Manju Rajendra Dadu (born 1989) is an Indian politician from Madhya Pradesh. She is a member of the Madhya Pradesh Legislative Assembly representing the Bharatiya Janata Party from Nepanagar Assembly constituency in Burhanpur district. She won the 2023 Madhya Pradesh Legislative Assembly election.

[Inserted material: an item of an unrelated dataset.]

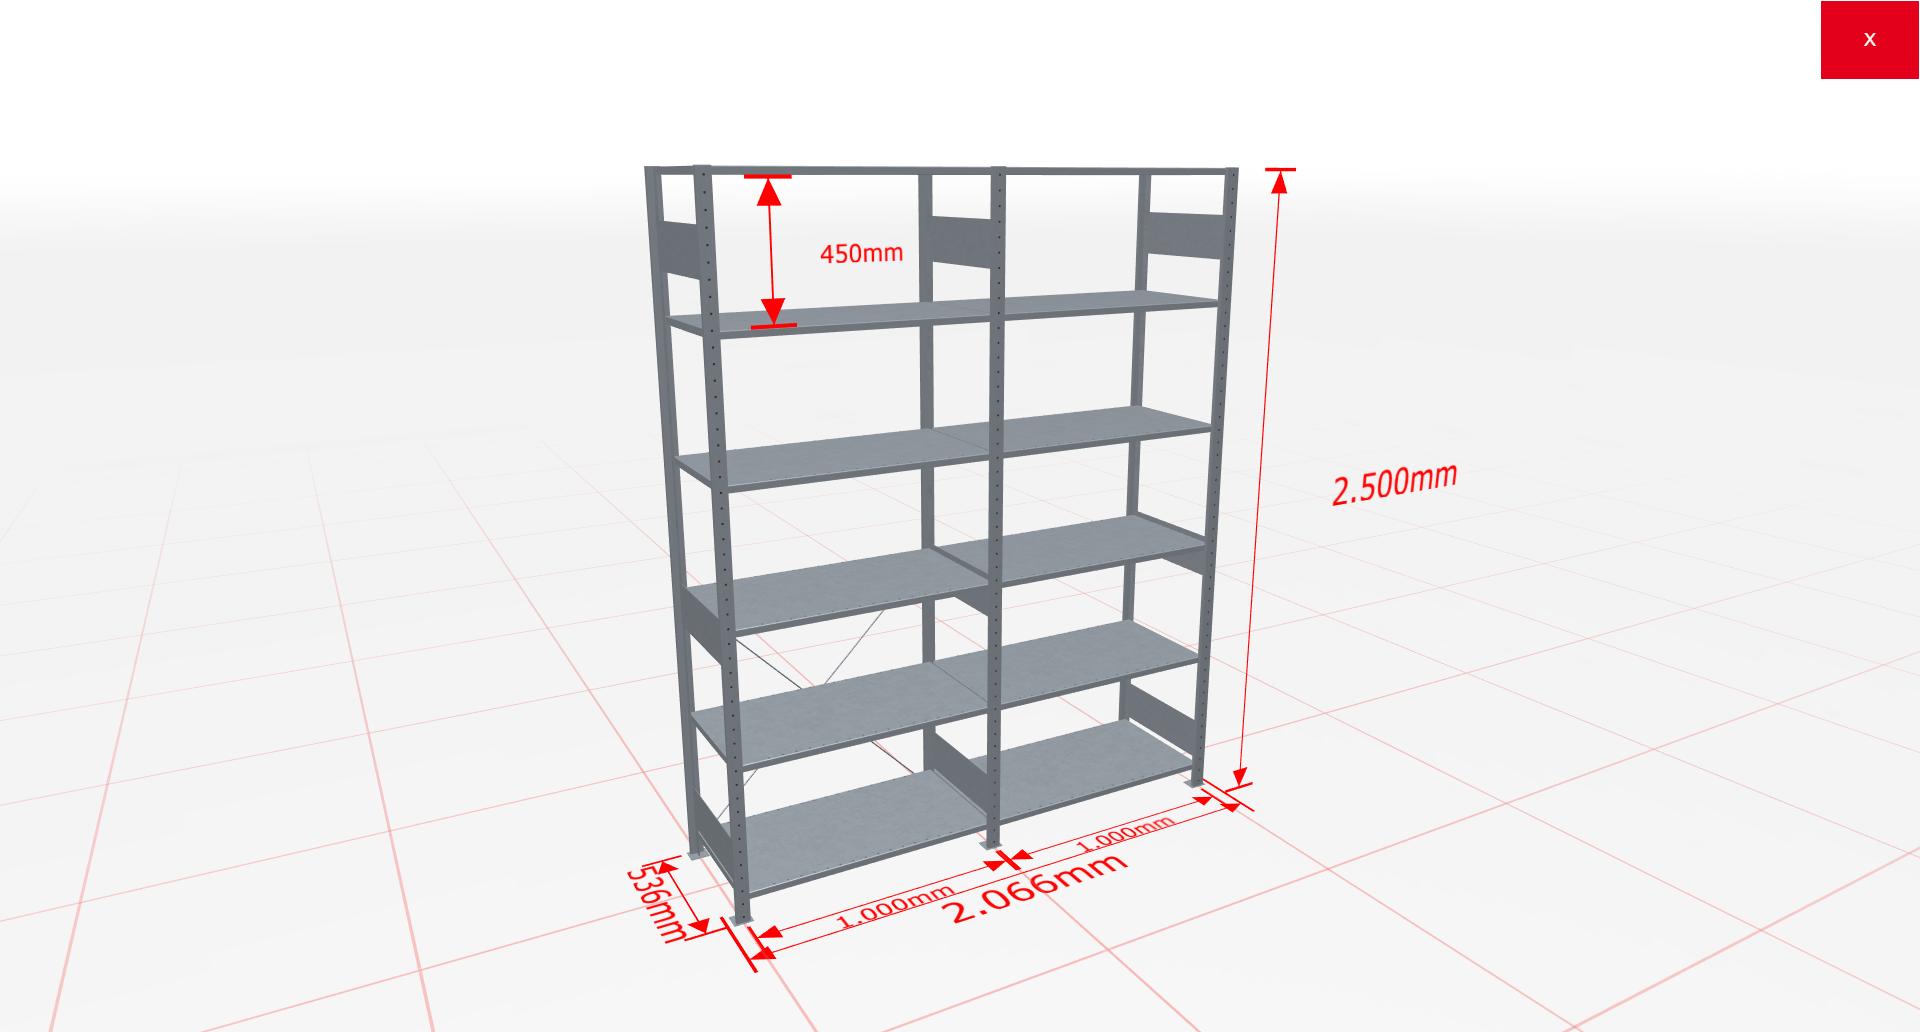 Fachbodenregal Komplettregal 2500x2066x500 mm (HxBxT) SCHULTE Lagertechnik verzinkt 6 Ebenen  150 kg je Boden

== Early life and education ==
Dadu was born in Vadnagar. She hails from an agricultural family. Her late father was Rajendra Shyamlal Dadu. She completed her BBA in 2013 from Poonam Chand Vocational College, Khandwa affiliated to Devi Ahilya University, Indore, Madhya Pradesh.

== Career ==
Dadu won the 2016 Madhya Pradesh byelection from Nepanagar defeating Antarsingh Devisingh Barde Amba of Indian National Congress. She won for the second time as an MLA in the 2023 Madhya Pradesh Legislative Assembly election again on BJP ticket from Nepanagar. She defeated Gendu Bai of Indian National Congress by a huge margin of 45,805 votes. She lost the 2018 Madhya Pradesh Legislative Assembly election by a narrow margin of 1,264 votes to Sumitra Devi Kasdekar of Indian National Congress.